Immune-mediated adverse reactions occurred with KEYTRUDA including pneumonitis, colitis, hepatitis, endocrinopathies, and nephritis. Based on the severity of the adverse reaction, KEYTRUDA should be withheld or discontinued and corticosteroids administered when appropriate. Immune-mediated complications, including fatal events, occurred in patients with cHL who underwent allogeneic hematopoietic stem cell transplantation (HSCT) after being treated with KEYTRUDA. Follow patients closely for early evidence of transplant-related complications, and intervene promptly. KEYTRUDA can also cause severe or life-threatening infusion-related reactions. Monitor patients for signs and symptoms of infusion-related reactions; for Grade 3 or 4 reactions, stop infusion and permanently discontinue KEYTRUDA (pembrolizumab). Based on its mechanism of action, KEYTRUDA can cause fetal harm when administered to a pregnant woman. Female patients of reproductive potential should be advised of the potential hazard to a fetus. For more information regarding immune-mediated and infusion-related adverse reactions and use in pregnancy, see "Selected Important Safety Information" below.

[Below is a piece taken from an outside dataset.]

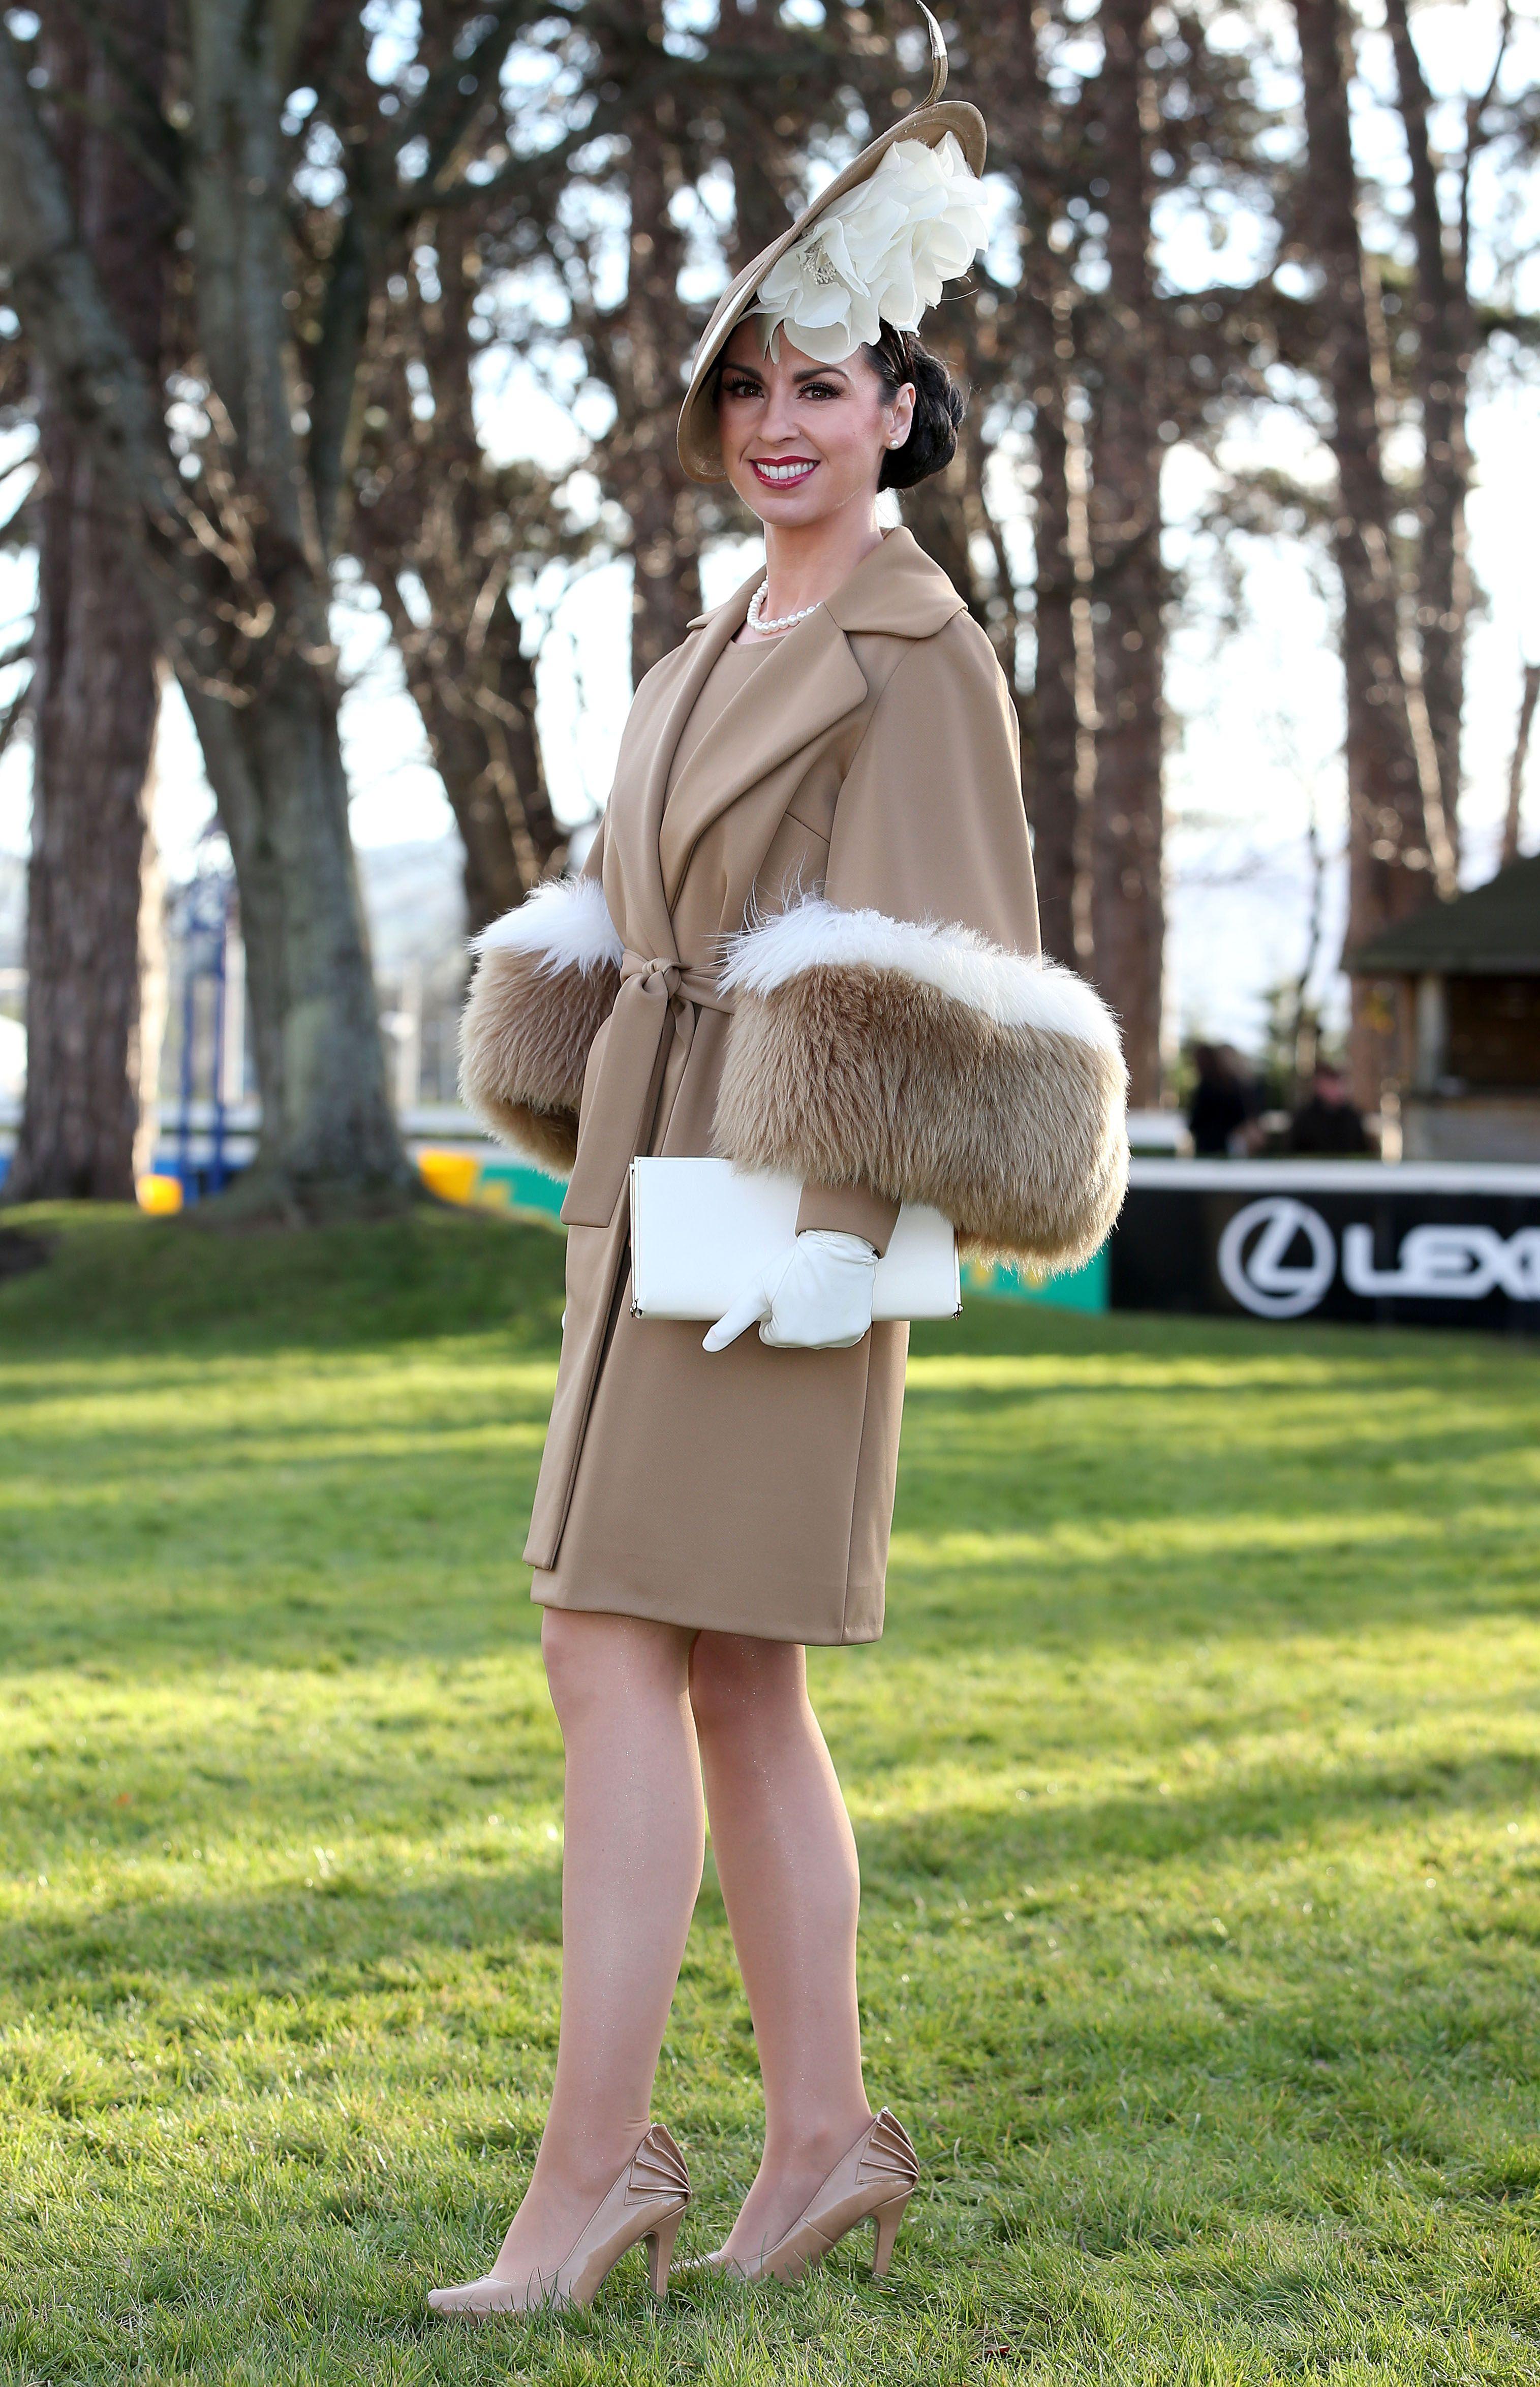 suzanne mcgarry was our lexus ladies day winner 2013

The approval is based on data in 210 patients from the KEYNOTE-087 trial, which demonstrated an overall response rate (ORR) with KEYTRUDA (200 mg every three weeks) of 69 percent (95% CI: 62, 75) with a complete remission rate (CRR) of 22 percent and a partial remission rate (PRR) of 47 percent. The median follow-up time was 9.4 months. Among the 145 responding patients, the median duration of response was 11.1 months (range 0.0+ to 11.1 months).

"The results from KEYNOTE-087 showed that most patients with relapsed or refractory classical Hodgkin lymphoma responded to treatment with KEYTRUDA, and 22 percent experienced complete remission," said Dr. Roger M. Perlmutter, president, Merck Research Laboratories. "Today’s approval – the first for KEYTRUDA in a hematologic malignancy – reinforces the hope that immunotherapy will prove useful in a wide variety of cancers."

"For the patients with classical Hodgkin lymphoma who are not cured with existing treatments, there are limited options, and treating their disease becomes more challenging," said Dr. Craig Moskowitz, clinical director, division of hematologic oncology, Memorial Sloan Kettering Cancer Center. "This approval is an important step forward in treating these patients, who are generally young and have a particularly poor prognosis, and gives us the opportunity to help patients in their fight against this devastating disease."